8. The method as claimed in claim 7, further comprising providing the trained neural network to the machine learning inference engine, with the training engine directly or indirectly through the machine learning management service.

9. The method as claimed in claim 7, further comprising triggering an update of said first exploration/exploitation balancing rule with the training engine when the first convergence condition is met to stop exploration.

10. The method as claimed in claim 7, further comprising, in a second reinforcement learning mode:

with the machine learning management service, providing configuration information to at least the data collection engine and the training engine,

with the reinforcement learning agent, providing training data samples to the data collection engine, a training data sample comprising:

a current state Si of the environment,

an action Ai chosen with the reinforcement learning agent depending on state-action values stored in the table, and following a second exploration/exploitation balancing rule provided with the machine learning management service as part of the configuration information,

a next step Si+1 observed in response to applying the chosen action to the environment, and

a reward Ri from the environment for the action applied,

with the data collection engine, storing the training data samples obtained from the reinforcement learning agent,

with the training engine, checking a second convergence condition provided with the machine learning management service as part of the configuration information, and in the absence of convergence computing state-action values from the training data samples {Si, Ai, Ri, Si+1} for a plurality of training data samples obtained from the data collection engine, and updating the table with the computed state-action values, wherein a given state-action value is computed for a given training data sample {Si, Ai, Ri, Si+1} as a function of an expected cumulative reward achievable with applying the given action Ai to the given current state Si while taking into account the given reward Ri and the given next state Si+1.

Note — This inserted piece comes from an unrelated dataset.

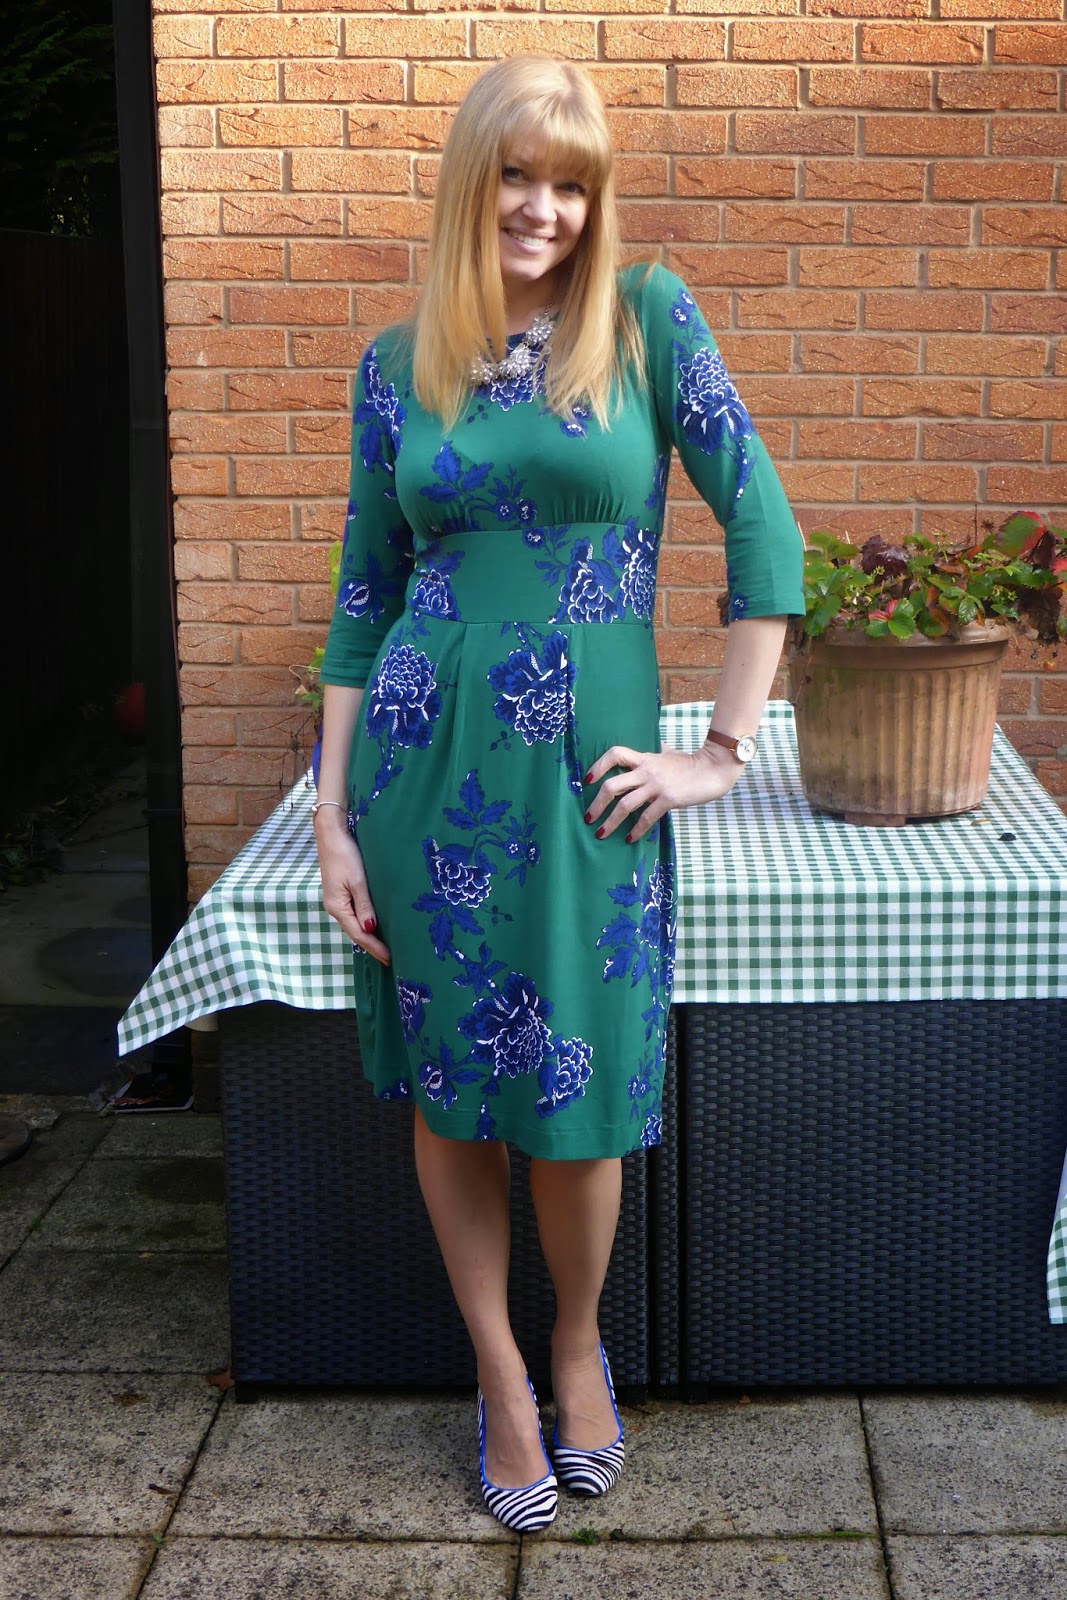 Outfit Post: Floral dress with Zebra Print Shoes - What Lizzy Loves

11. The method as claimed in claim 7, further comprising providing a training triggering condition with the machine learning management service to the training engine and, obtaining training data samples with the training engine from the data collection engine when the training triggering condition is met.

12. The method as claimed in claim 10, further comprising triggering an update of the second exploration/exploitation balancing rule with the training engine when the first convergence condition is met to stop exploration.

13. The apparatus as claimed in claim 1, wherein the apparatus is a base station of a radio access network.

14. A non-transitory program storage device readable with an apparatus tangibly embodying a program of instructions executable with the apparatus to cause the apparatus to execute the steps of the method claimed in claim 7.